The key insight: 80% of claims end at the letter before action stage. Most debtors pay when they receive a formal legal letter. They just couldn't afford to send one before.
Why This Model Matters
1. Recoverable Costs
Almost all of Garfield's fees fall under the recoverable limits in CPR Part 45. If the claimant prevails, these costs come from the defendant—not the client's pocket. Traditional solicitor fees? Paid out-of-pocket regardless of outcome.
2. Scalable Supervision
The platform isn't autonomous. Each action requires client approval. Named solicitors remain accountable under SRA rules. But the AI handles drafting, procedure tracking, and document generation—the tasks that drive traditional legal costs.
3. Defined Scope
Garfield only handles small claims debt recovery up to £10,000. No general advice. No complex litigation. No scope creep. This narrow focus is a feature, not a limitation.
The Hallucination Safeguard
Here's the critical technical decision: Garfield's AI cannot propose case law.
The system is built on domain-specific expert knowledge modeled to follow Civil Procedure Rules. But it deliberately excludes case law citation—the highest-risk area for LLM hallucination.

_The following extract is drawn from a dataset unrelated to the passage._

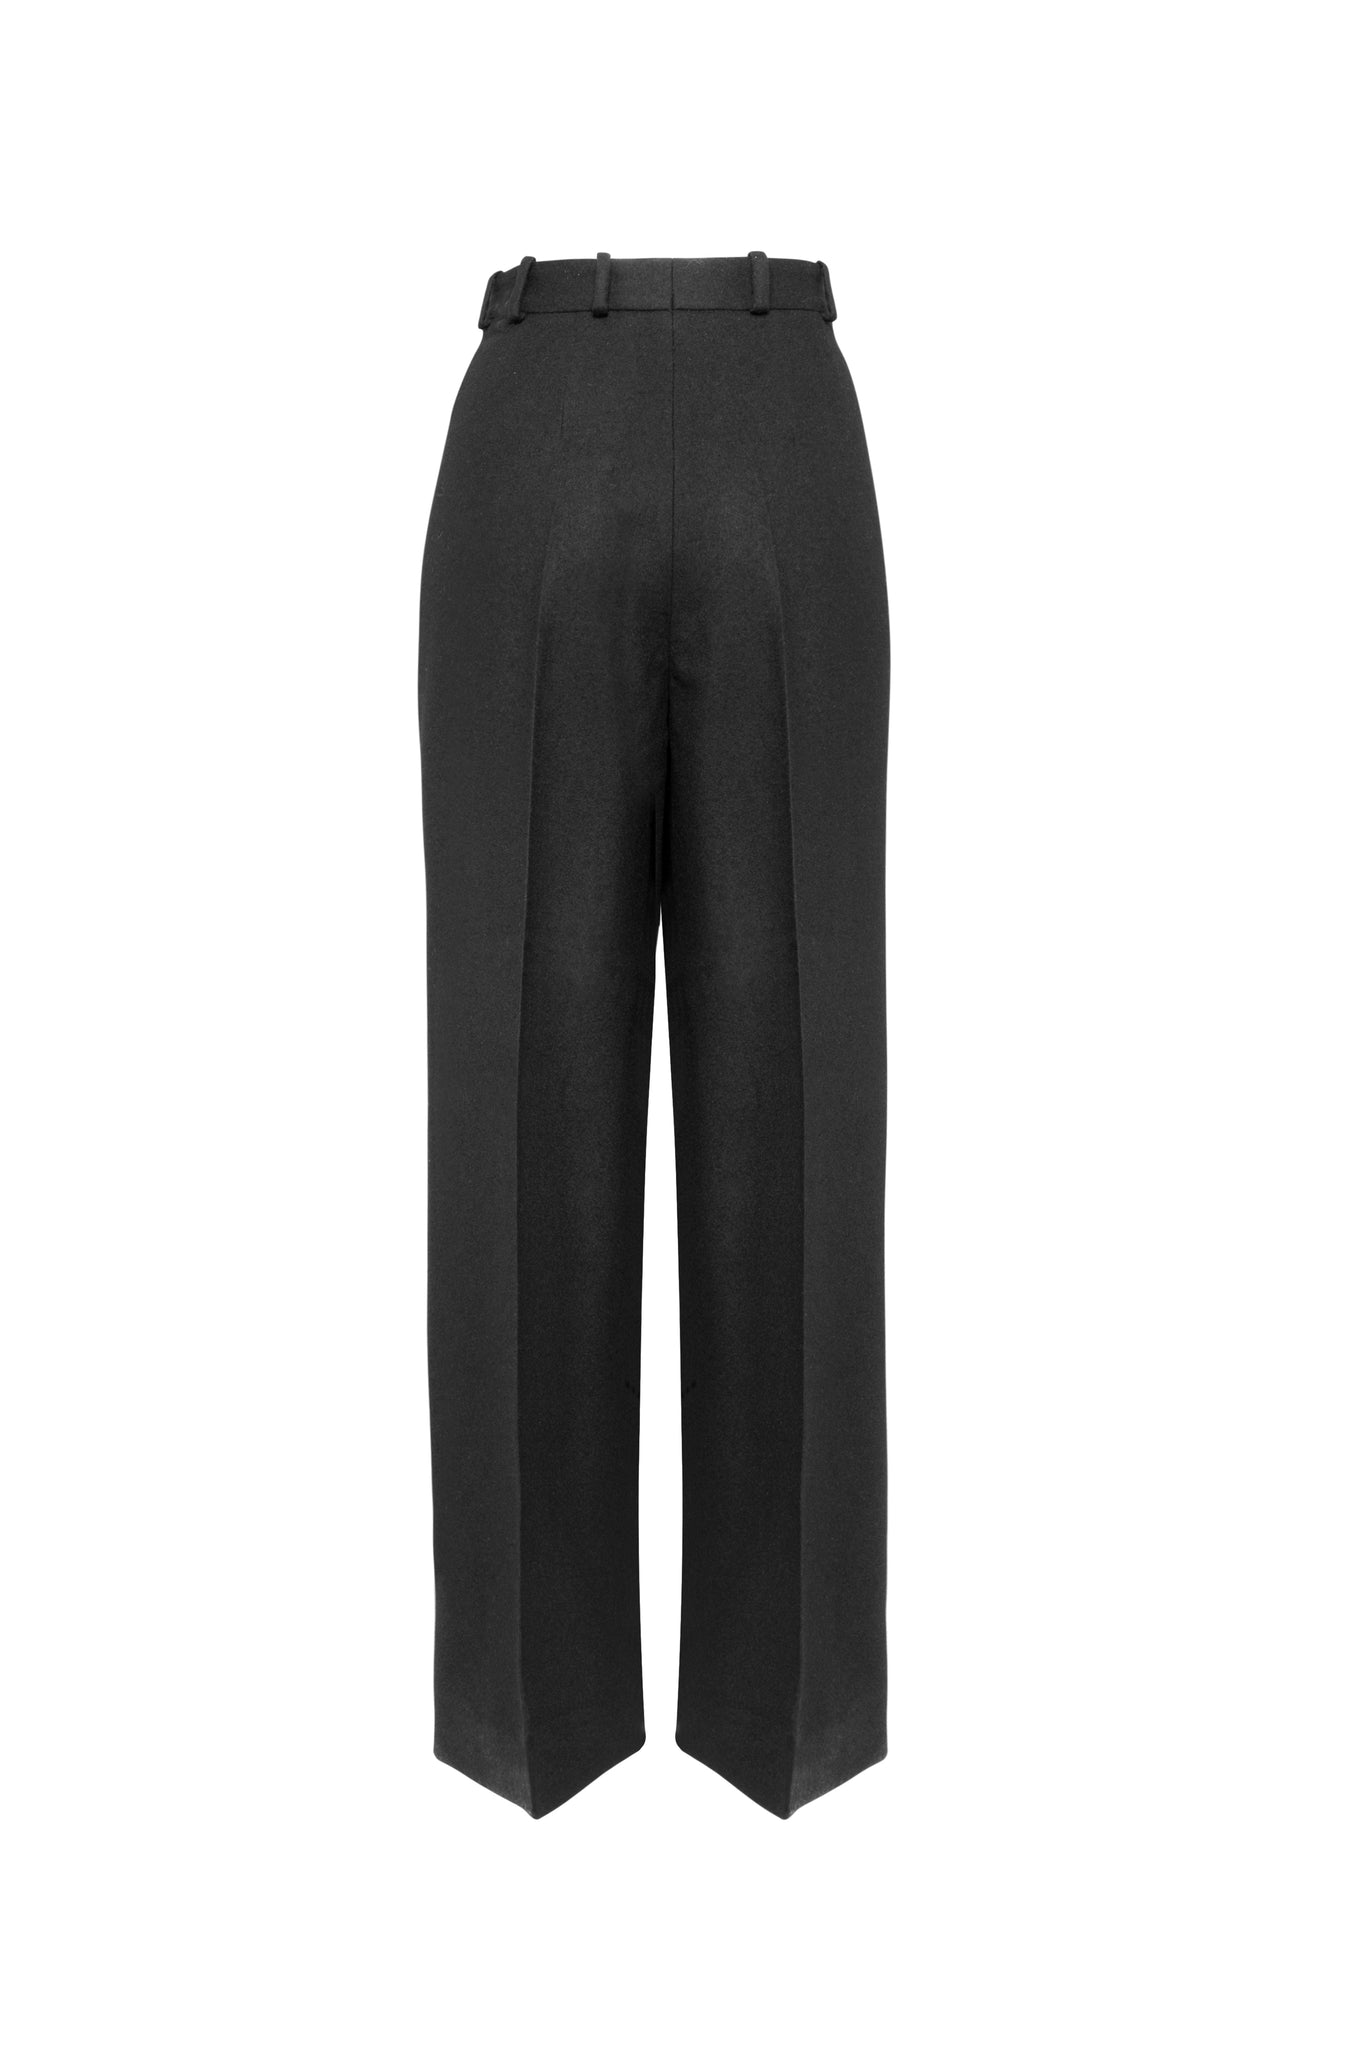 01/2 High Waisted Pants Wool in black - hello'ben store

Lord Justice Birss, deputy head of civil justice, called this approach "absolutely at the core of what we can do for access to justice."
They didn't solve the hallucination problem. They sidestepped it by building a tool that doesn't need to cite cases.
The Regulatory Picture
The SRA's eight-month approval process examined:
- Quality-checking processes for AI work
- Client confidentiality safeguards
- Conflict of interest protections
- Hallucination risk management
SRA Chief Executive Paul Philip stated: "The first regulatory approval of an AI-based law firm is a landmark moment for legal services in this country. With so many people and small businesses struggling to access legal services, we cannot afford to pull up the drawbridge on innovations that could have big public benefits."
The approval creates precedent. Other AI-native legal service providers will follow this path.
What This Means for Traditional Firms
For small claims work: The economics just changed. If you're a solicitor charging £1,500+ for small claims matters, your clients now have a £7.50 alternative. This isn't theoretical disruption—it's live competition.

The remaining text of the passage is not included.